When you wrote what you have now with your new husband I am so jealous - I want that so badly! I know I can have it too if I ever get the courage to leave - that's the sad part is that I have to leave the person I love to go find that with another man. Did you ever worry you were making a mistake if you left? Or did you just KNOW you had to get out? How did you deal with loving him so much and having his warped love in return? What made you finally accept that he would never change? 

I guess in my heart I think that one day he will have a lightbulb moment and will magically change into this loving, caring, kind person or if he loved me enough he would try. But in my head I know its not gonna happen and I am not a good candidate for a "victim" of abuse anymore - just yesterday I wanted to talk to him about his rejection to me about sex - explain that if he rejects EVERY time obviously I won't want to try anymore - anyways I worried for hours how to bring it up, I had butterflies, was so nervous to even bring it up - cause I just know the backlash that I will receive. Eventually I did bring it up, and he responded in his usual way - yelling, swearing, namecalling, etc. I just stood up - told him I am not tolerating his disrespect and left the house for a few hours.

This fighting has become a daily thing now, it has really got out of control - any little single thing causes him to blow up, I put too much sauce in the rice - he was angry, I beat him at Pinball - snarky ignorant comments, just petty ridiculous things. After thinking about it, I think I posted my original post almost hoping he was cheating, cause that way my choice to leave would be so easy if he was screwing around. 

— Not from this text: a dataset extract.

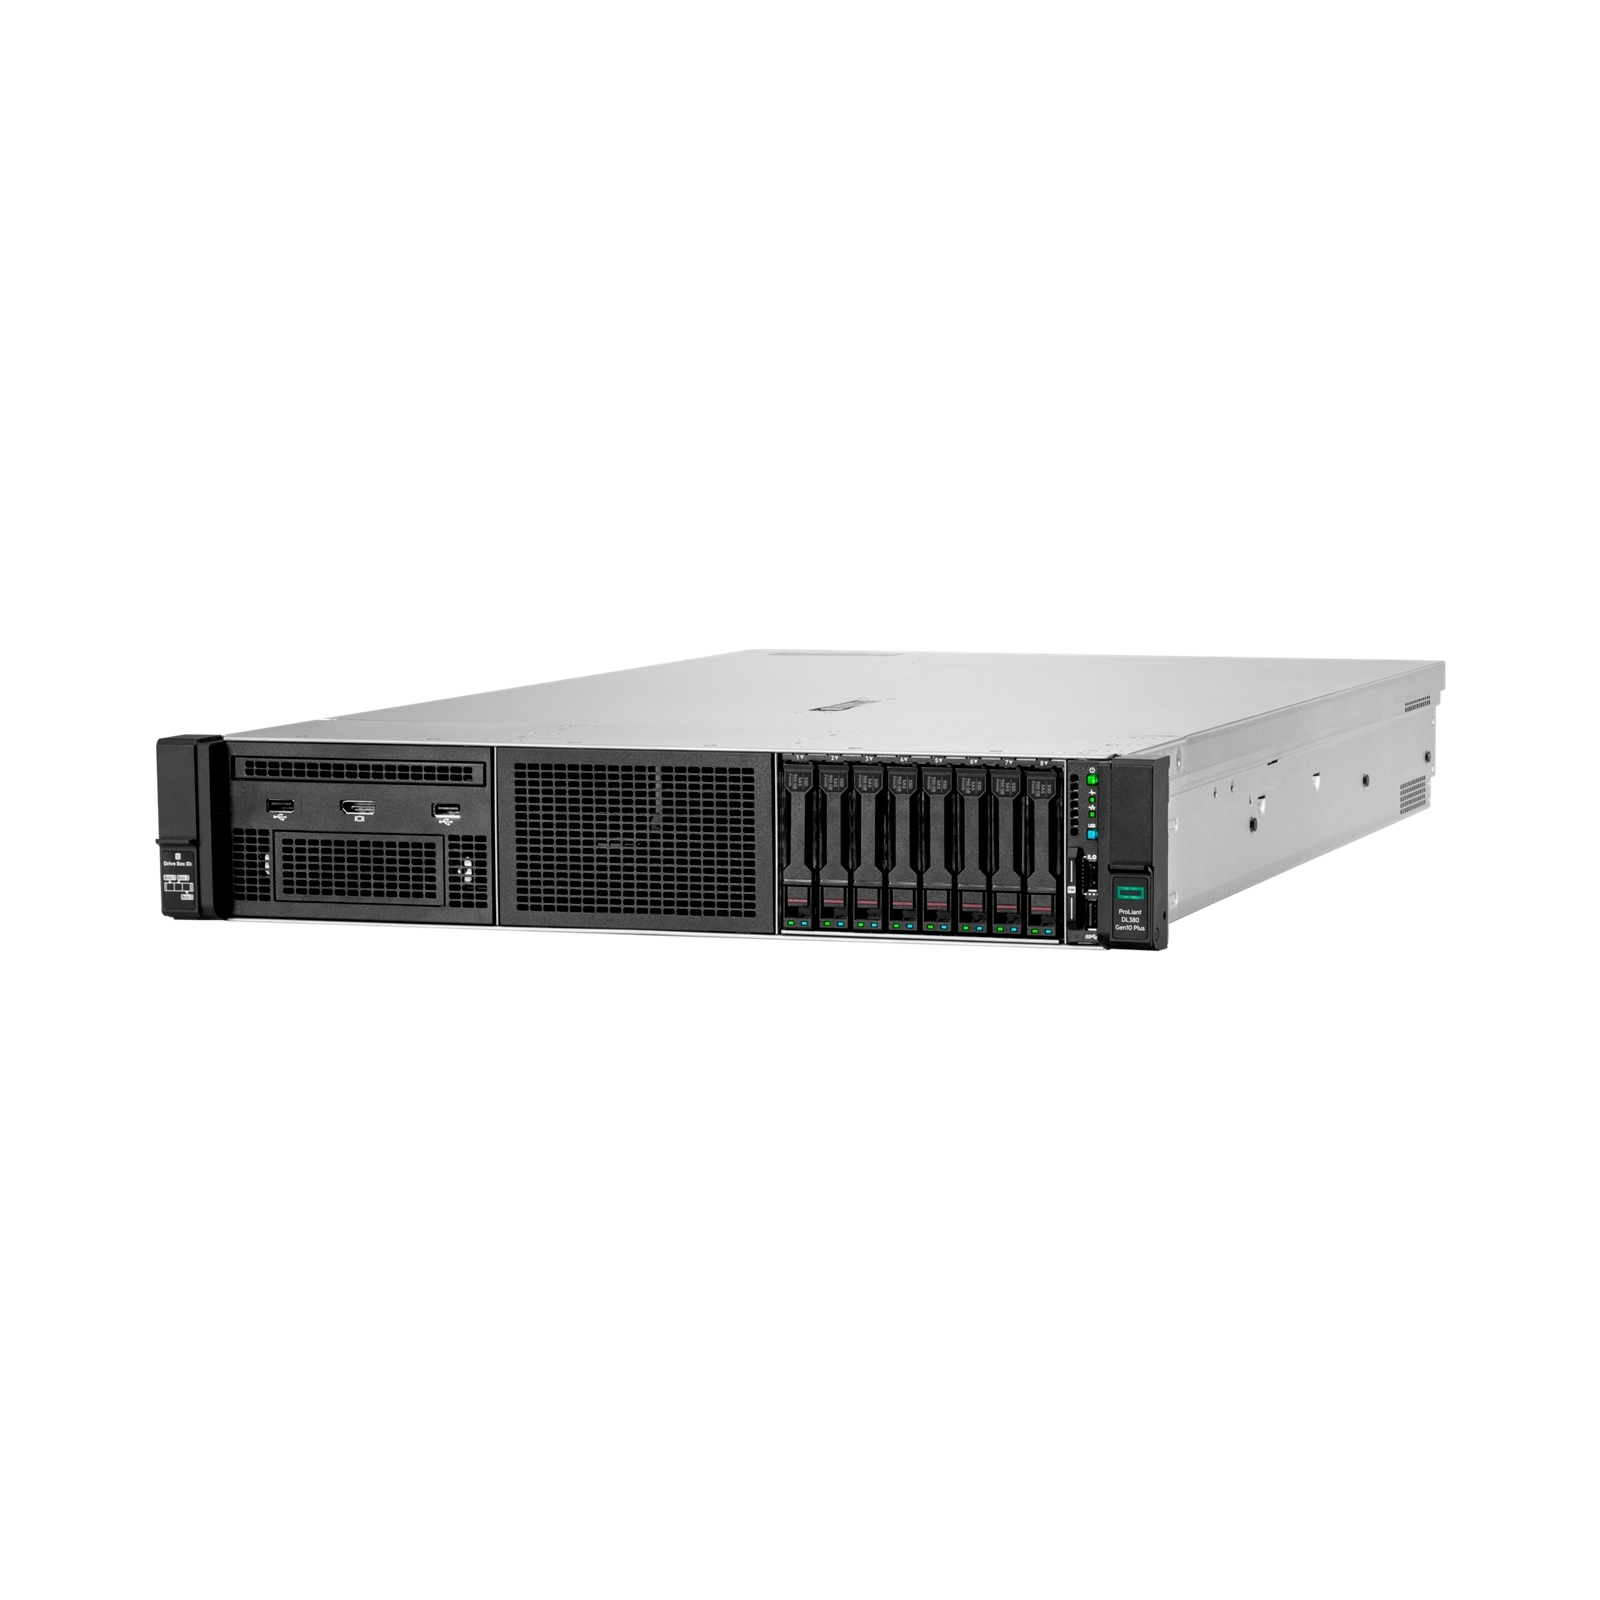 Сервер Hewlett Packard Enterprise SERVER DL380 G10+ 5315Y/MR416I-P NC SVR P55248-B21 HPE (P55248-B21) изображение 4

I just don't know how to accept the fact that he will NEVER change and life will most likely just become worse, if I sit back, keep a happy smile on, agree to everything, have no opinions or thoughts or feelings or requests then life would just be wonderful in his eyes. Any opinions or requests and our house becomes a battleground. So sick of it


----------



## justcurious

SimplyAmorous said:


> I think you need a book like this to help you sort through exactly WHY you need to leave this marraige, personally I feel it is TOO BAD to stay, many deal breakers there.
> 
> Amazon.com: Too Good to Leave, Too Bad to Stay: A Step-by-Step Guide to Help You Decide Whether to Stay In or Get Out of Your Relationship (9780452275355): Mira Kirshenbaum: Books
> 
> Beings his own daughter refuses to even look upon his face, and your youngest is also HURTING seeing her mother treated like this, terribly disrespected, ignored, pushed aside, bossed around , walking on eggshells daily & punished with the Silent Treatment.
> 
> Her words to you was a "wake up call" -to your future. Do you value yourself enough to leave this EMOTIONAL Abuser? Obviously this man has no desire to change, he wants a puppet who has no desires, no wants, just to serve his selfish needs, he has no interest in a loving wife or pleasing another human being.
> 
> Do you love yourself enough to FIGHT for your own happiness? You will surely earn even MORE respect from your 2 daughters in the process- by leaving, showing them how to be "fighters" in life, To stand up for themselves, against bad unfair treatment in this world & with men. They will be there for you, you can do all things, if you set your mind to it.
> 
> NO, not all men are like this, Oh my No! Not that it is easy as we get older with kids to find a decent match, *but darn, you are at the bottom of the barrel now honey, most will be a step up ! * You will feel like you are walking on the clouds of Heaven, after this marraige , to get some simple "decent' interaction & affection from a man.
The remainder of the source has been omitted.